For about 45 minutes, we swam gently alongside a group of five whales. At any point they could have dove to 600m or more but instead they swam slowly beneath us, rolling over to eyeball our silhouetted shapes above. 

The pod would gently caress each other - the social cohesion and relationships among pilot whales are complex. Groups can contain the grandparents of offspring long-since past breeding. This is almost unique in mammals other than humans.

The trick to spending time with any animal - whether swimming with whales or getting close to the birds in your garden - is patience.

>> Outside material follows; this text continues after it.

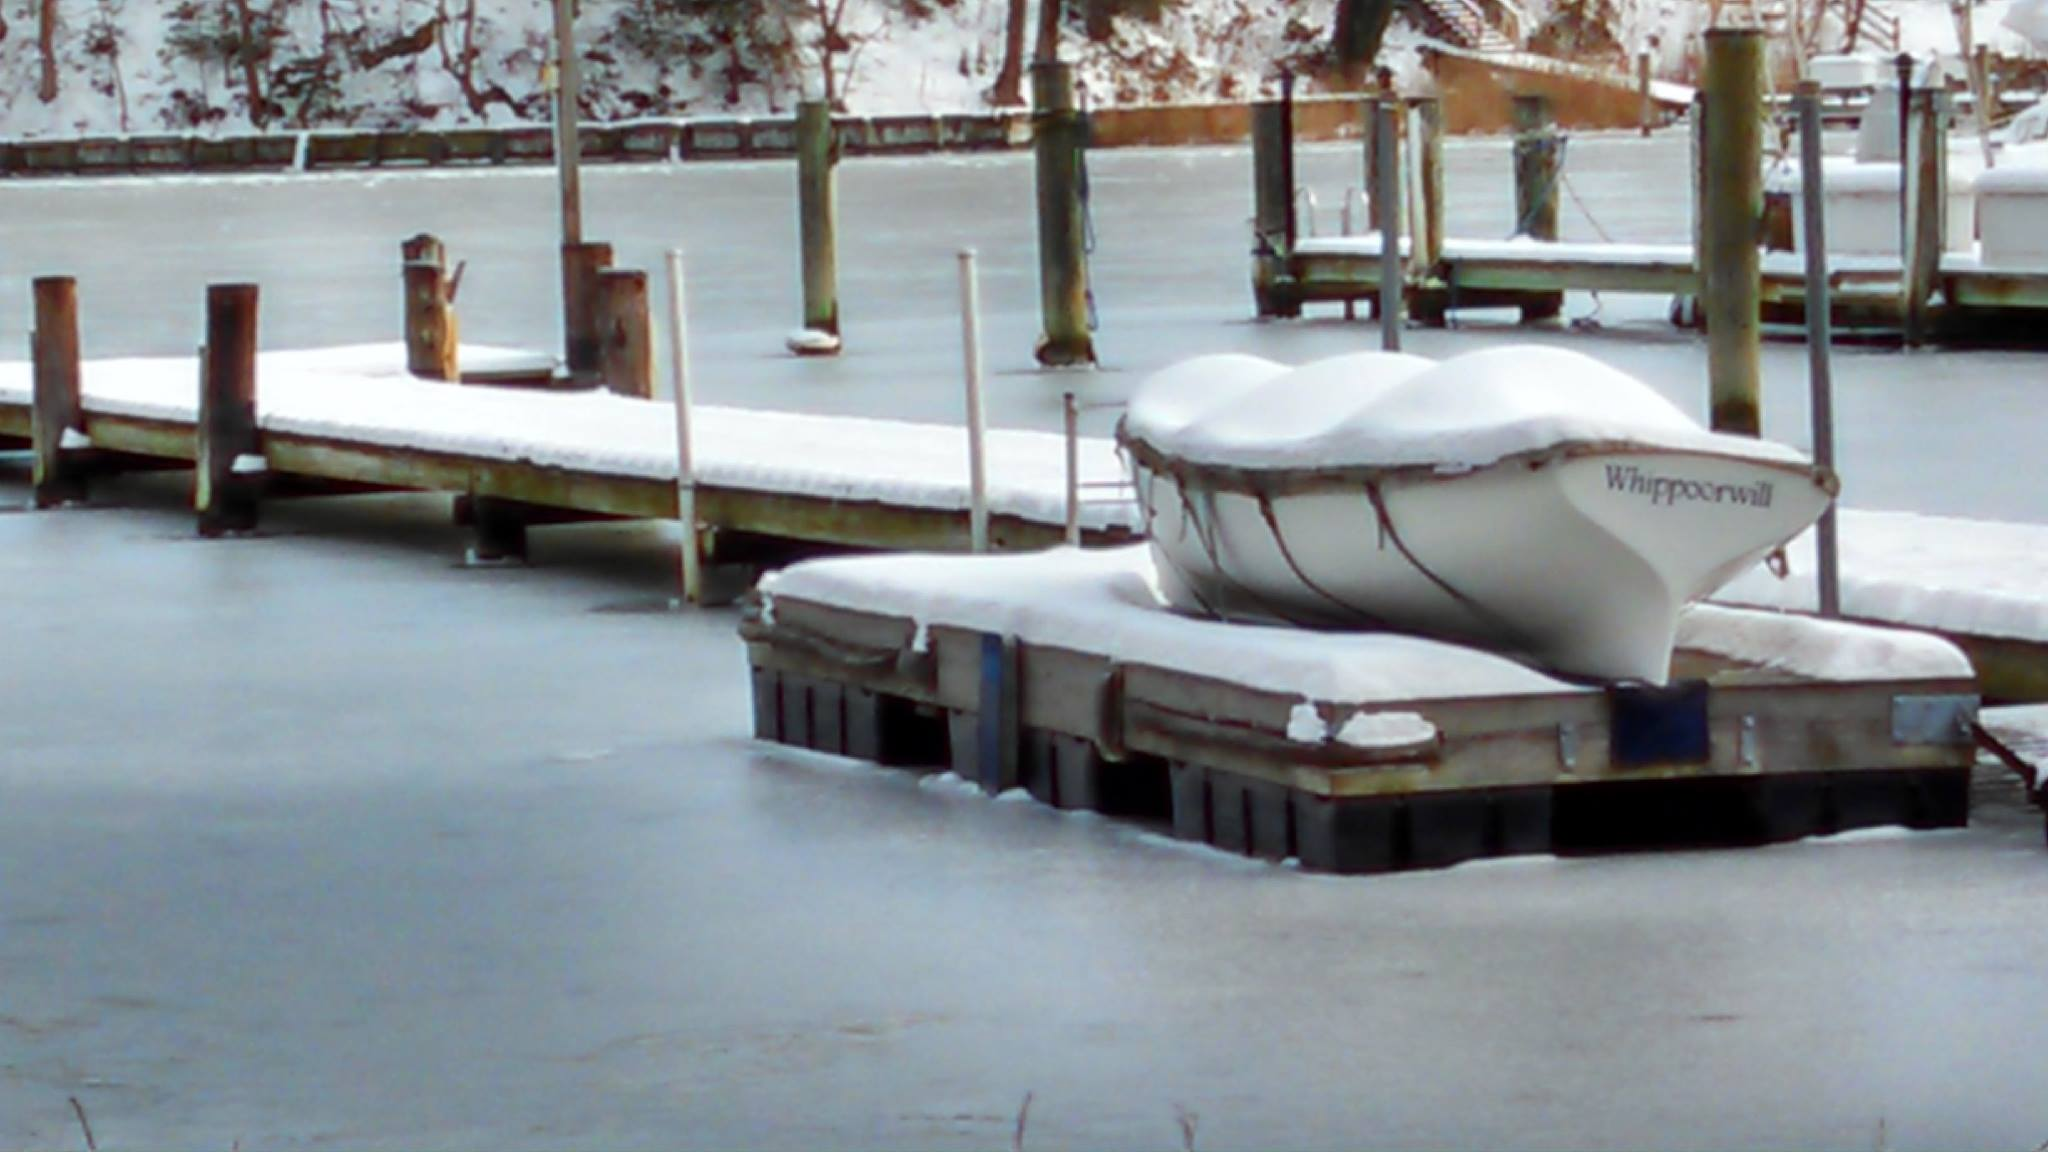 Whippoorwill on ice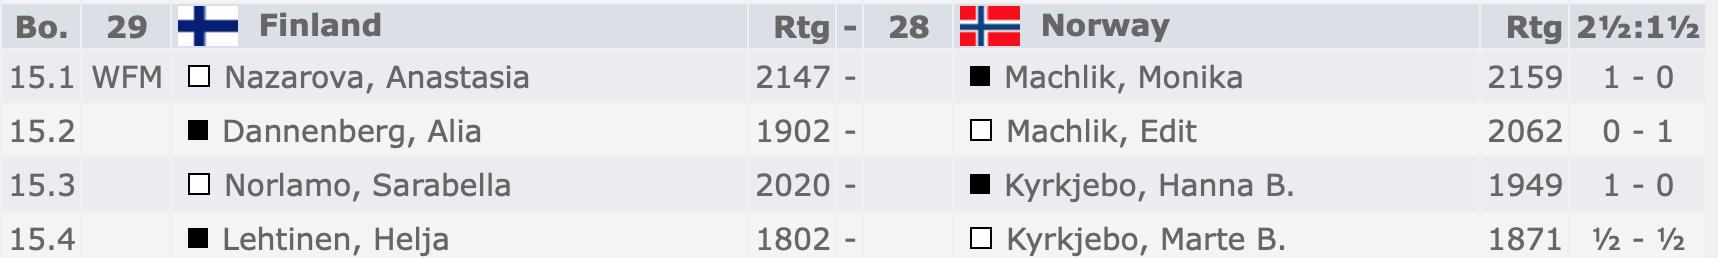 dating sites Norjassa ja Ruotsissa

There’s a moment when animals stop viewing you as a threat. It usually doesn’t take very long but all of a sudden, you find yourself almost accepted as part of the environment and as long as you maintain a respectful demeanour, the wildlife can surprise you.

So when we were photographing four Pilot Whales moving quietly ahead of us, we momentarily looked around and one of the pod suddenly appeared from behind and below - an arms-length away - and surfaced right next to us, seemingly undetterred by us being there. 

A couple of our group dived down to a few metres and rolled in the water. The whales mimiced the movement by spiralling together before turning to take a ‘look’ - and started bombarding us with their scanning sonar.        

These are the privileged moments we yearn for but they are also earnt moments. They are unpredictable. 

The approach to swimming with Humpback Whales is just the same. It’s obvious when there is interest and there is no point in pursuing a group of whales for the sake of a swim. By contrast, when animals seek you out, the experience is nothing short of extraordinary. On another day we had two Humpback Whales curious enough to keep coming back and visiting swimmers in the water, sometimes down to just a few metres.   

When you reach this point and there is a feeling of serenity as the minutes pass and your mind is enveloped by the world around you. For a short while you are in the moment and it’s an intensely and uniquely enjoyable thing.